(BRIEF)
The reply should hold only the lines from the one with "світу з біатлону" to the one with "破格です!最先端AIプレミム", both ends kept, exactly as they appear below, without any pictures.

(DATA FOR REVIEW)

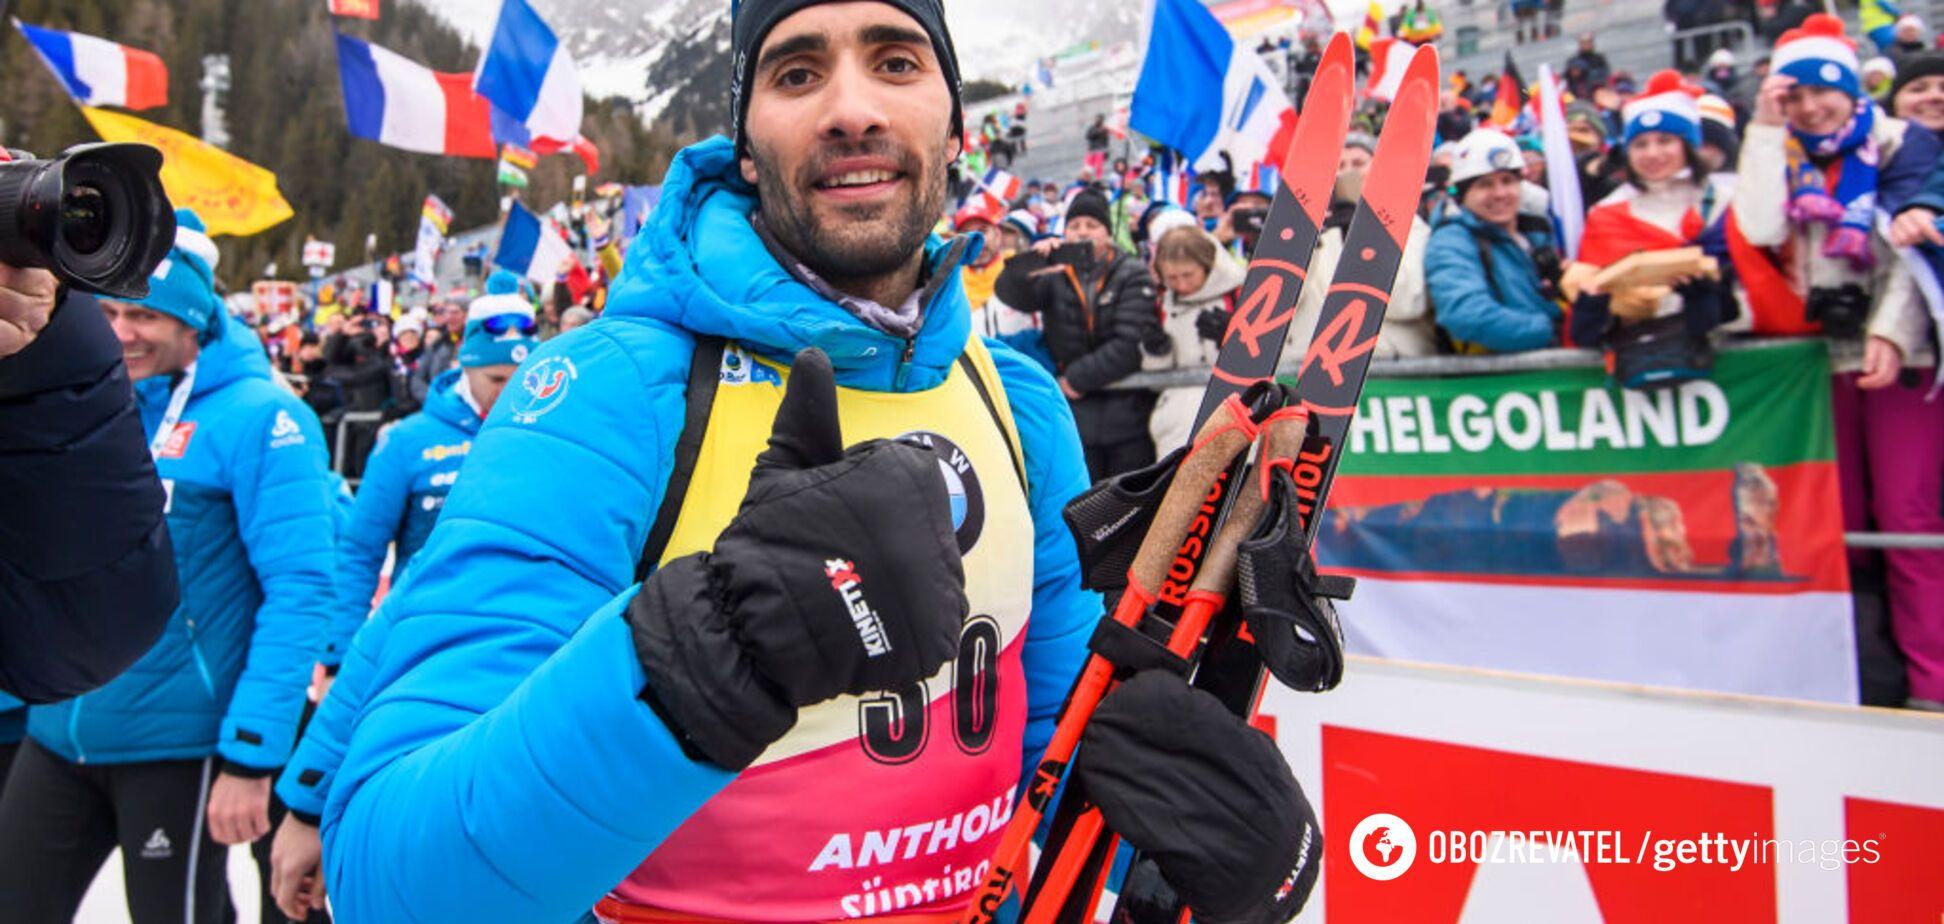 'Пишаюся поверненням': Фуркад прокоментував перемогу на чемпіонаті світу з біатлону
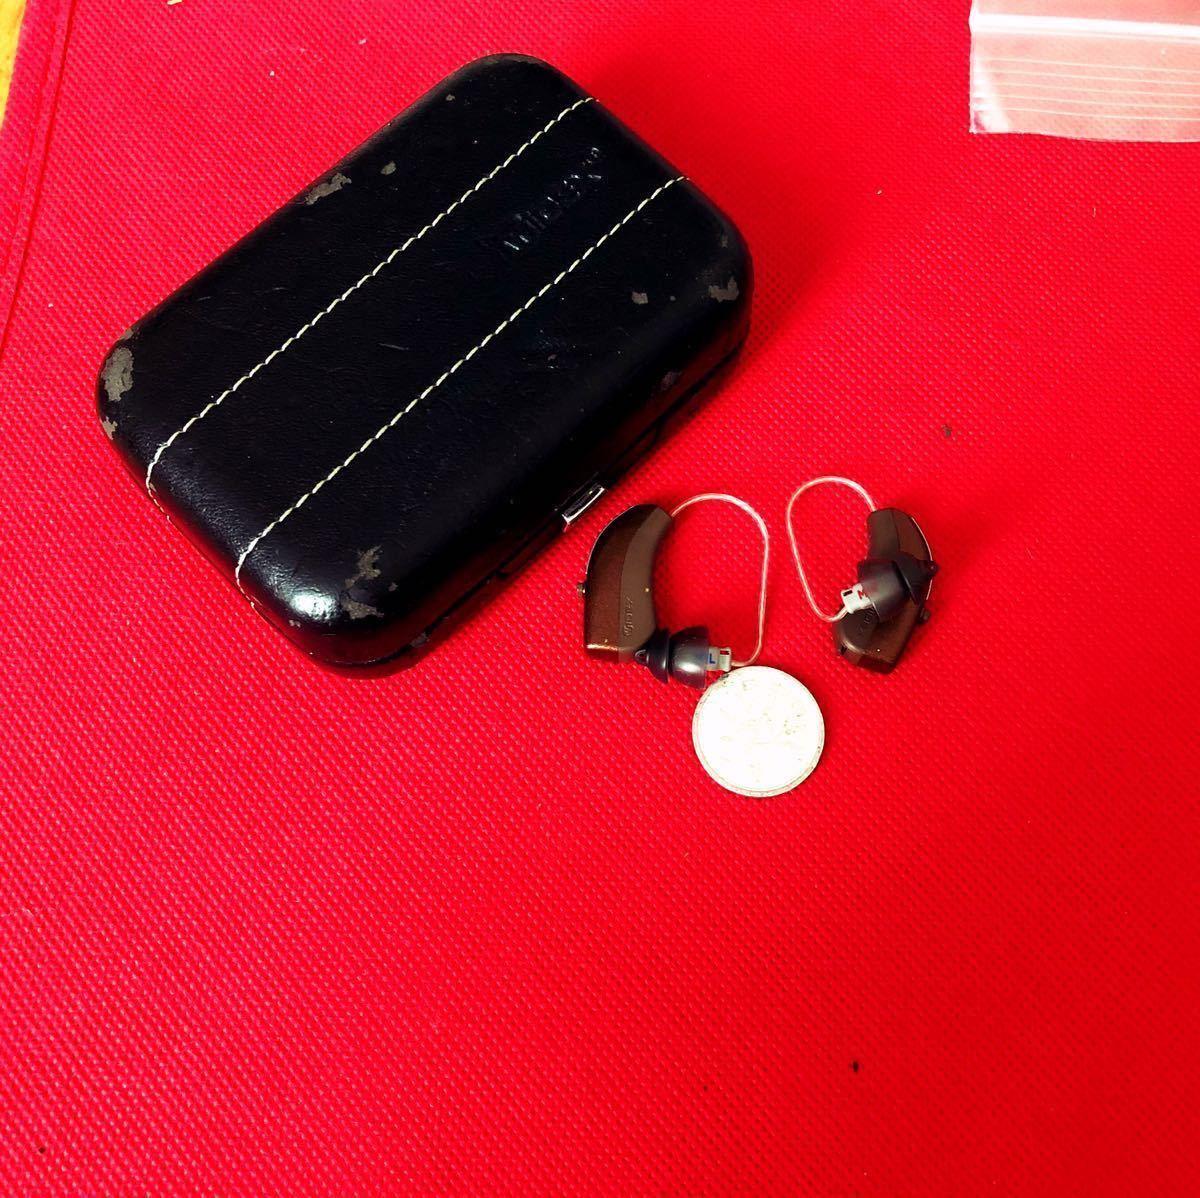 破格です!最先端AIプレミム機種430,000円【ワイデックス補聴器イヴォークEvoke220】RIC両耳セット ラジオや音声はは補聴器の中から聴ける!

...

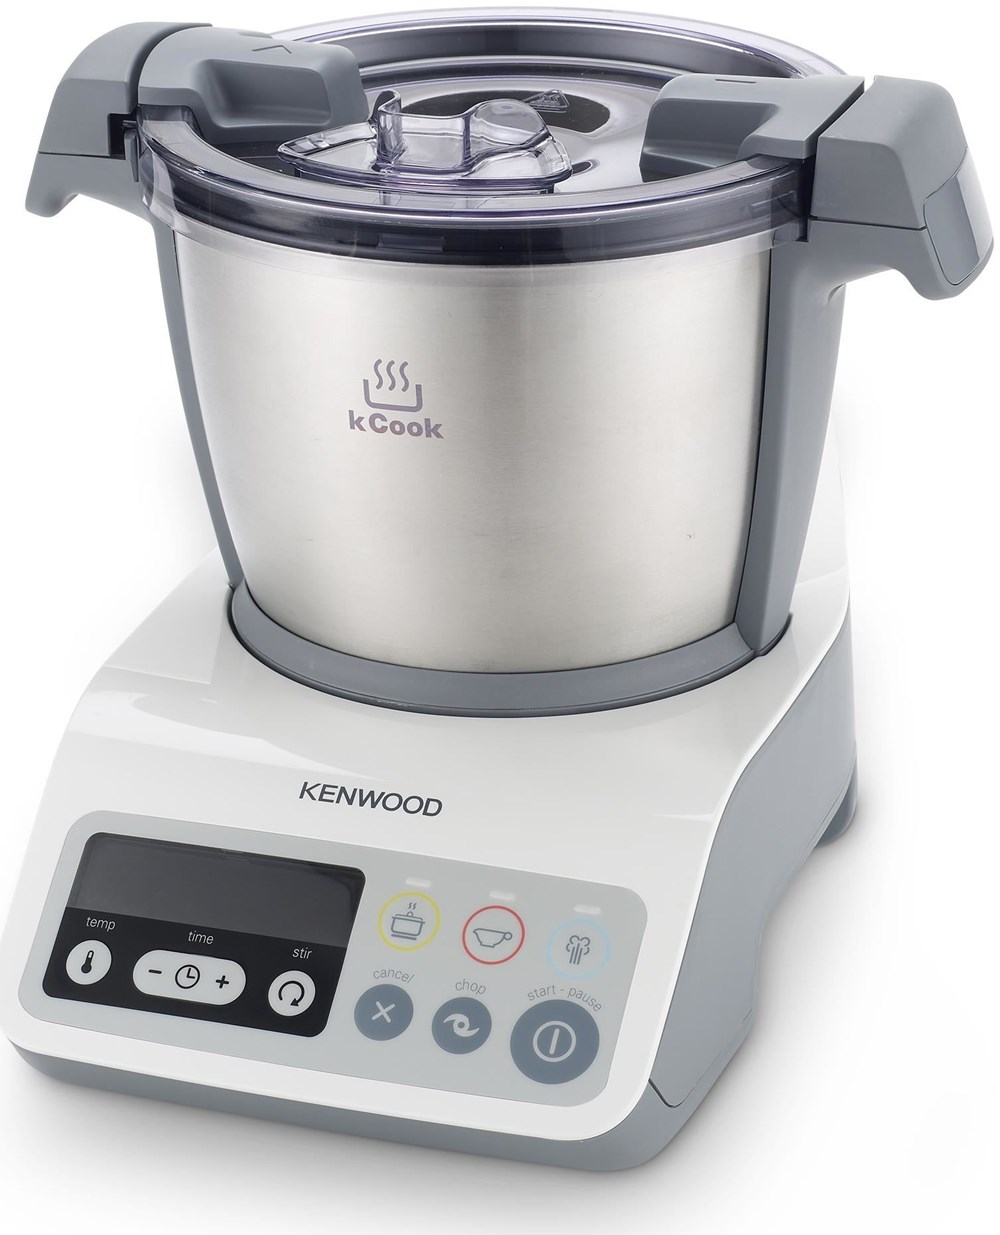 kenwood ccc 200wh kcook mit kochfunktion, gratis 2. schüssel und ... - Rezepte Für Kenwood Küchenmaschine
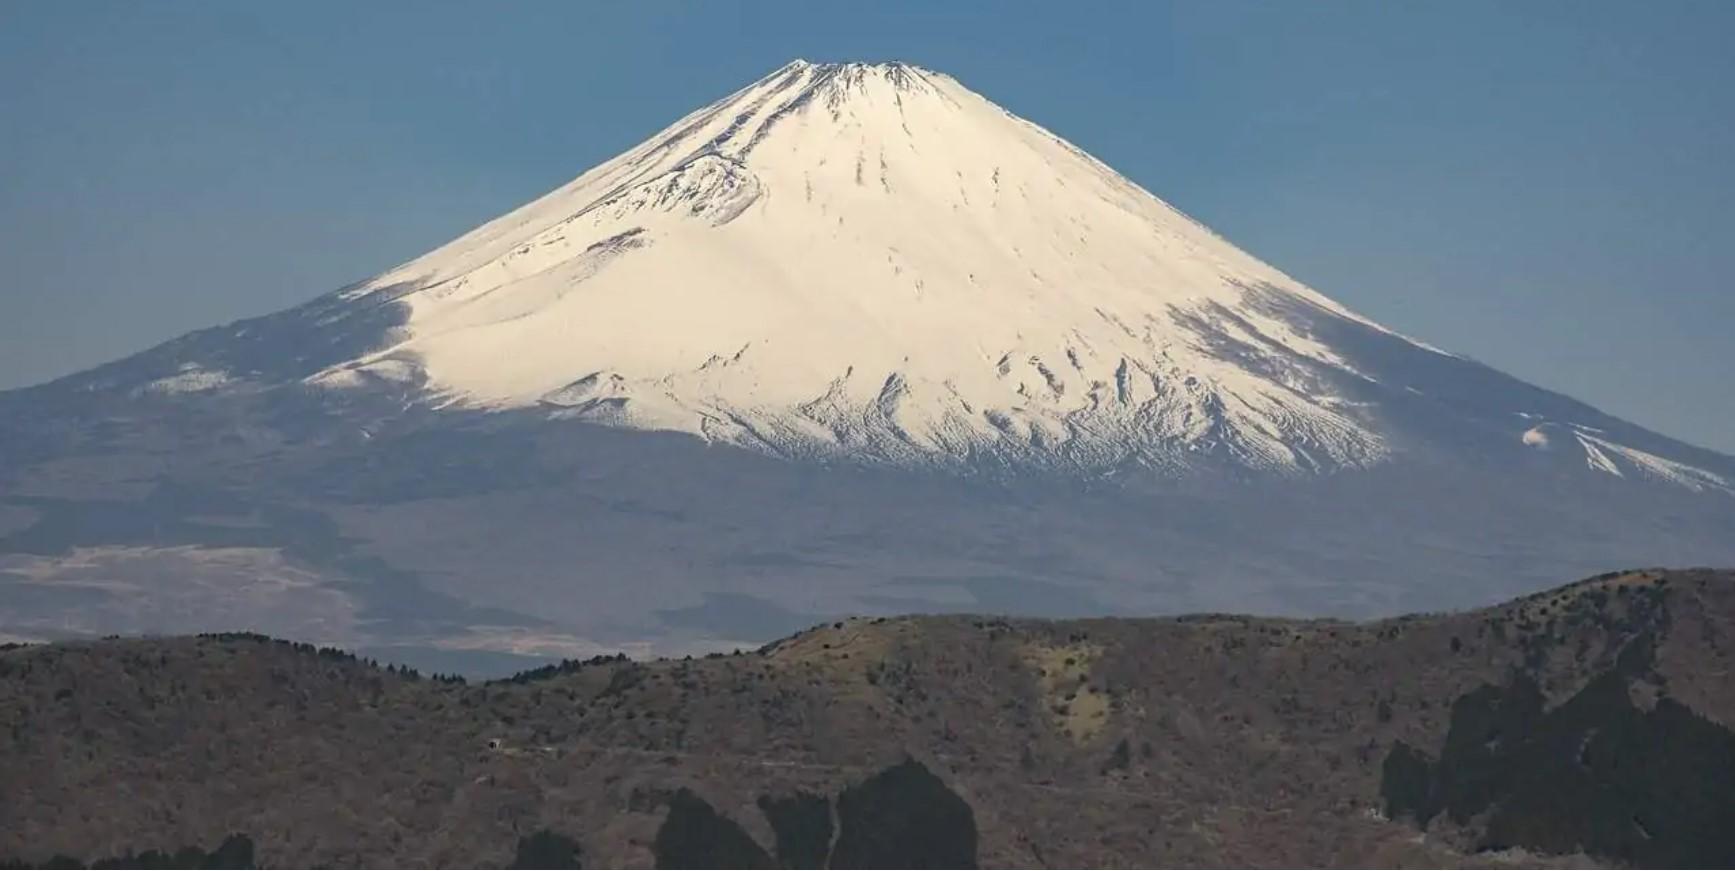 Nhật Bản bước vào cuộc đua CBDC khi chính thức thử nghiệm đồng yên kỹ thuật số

(SOLUTION FOR THIS PROBLEM)
 'Пишаюся поверненням': Фуркад прокоментував перемогу на чемпіонаті світу з біатлону
 破格です!最先端AIプレミム機種430,000円【ワイデックス補聴器イヴォークEvoke220】RIC両耳セット ラジオや音声はは補聴器の中から聴ける!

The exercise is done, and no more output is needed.